Pink Fire Pointer This week's thoughts for the brain...

This week's thoughts for the brain...


Those of you who hang around the same parts of the internet as I do will know there is a debate going on. The Greek and French election indicate a potential sea change in European politics. To use the precise meaning: austerity rolls, but anti-austerity politics have found their voice. There are now rallying points, in Greece it's Syriza, in France the Left Front. These are not Bolshevik organisations. The question then is what does the left of the left, including revolutionaries, do?

Let me make one thing clear, however. The people in places like Britain arguing with headbanging sincerity about the need for entryism are total phonies.

But if these results are indicative, it means rough equivalents of these organisations will appear everywhere. The British political system is the most resistant to political breakthroughs (regional assemblies and local mayors not withstanding). Fans of doorknocking, sorry, getting down to some serious work in local communities, might not see too many tangible results so soon. One thing I think we can definitely say is there is not simply a vaccum on the left, at least not one we can fill ourselves.
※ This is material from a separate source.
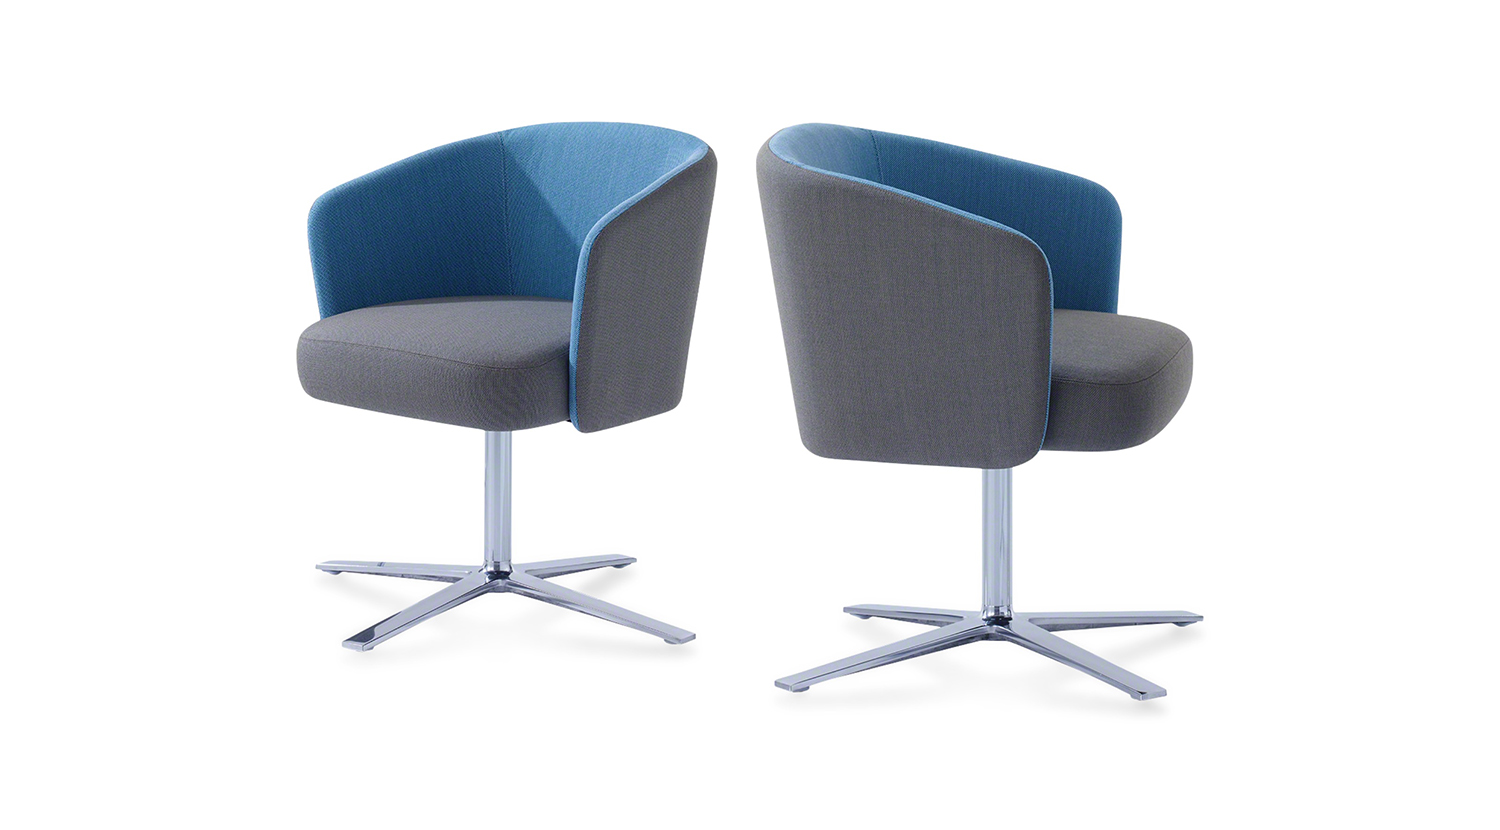 Two Hay modern chairs with grey cushion on the seat and blue cushion on the back

It's worth going over what it took last time to give the left unity and purpose. At the height of the anti-war movement, in the weeks before the attack on Iraq, I attended organising meetings (not rallies, organising meetings) where 100 people occupied one room and 100 more taking up an overflow room, with runners heading between them and the local news crew confused as to who they were supposed to film... and yet things worked perfectly, with no foul-ups, no duplication and no sectarianism.

The point is, partly, that the organisation which received most of the anti-war movement was set up in anticipation, as opposed to the left unity project, which was a reaction to events. Perhaps when Respect was formed the moment was already passed. Certainly between the first unity rally in October 2003 and the foundation in January 2004 Bob Crow, George Monbiot, the Green Party, the Socialist Party and the CPB all backed off.

For better or worse, we were in a position where we had to substitute for a united left in the anticipation of future success or effectively cancel the project. Let's never get into that pickle again. No substitution or liquidation; perhaps easier typed than done.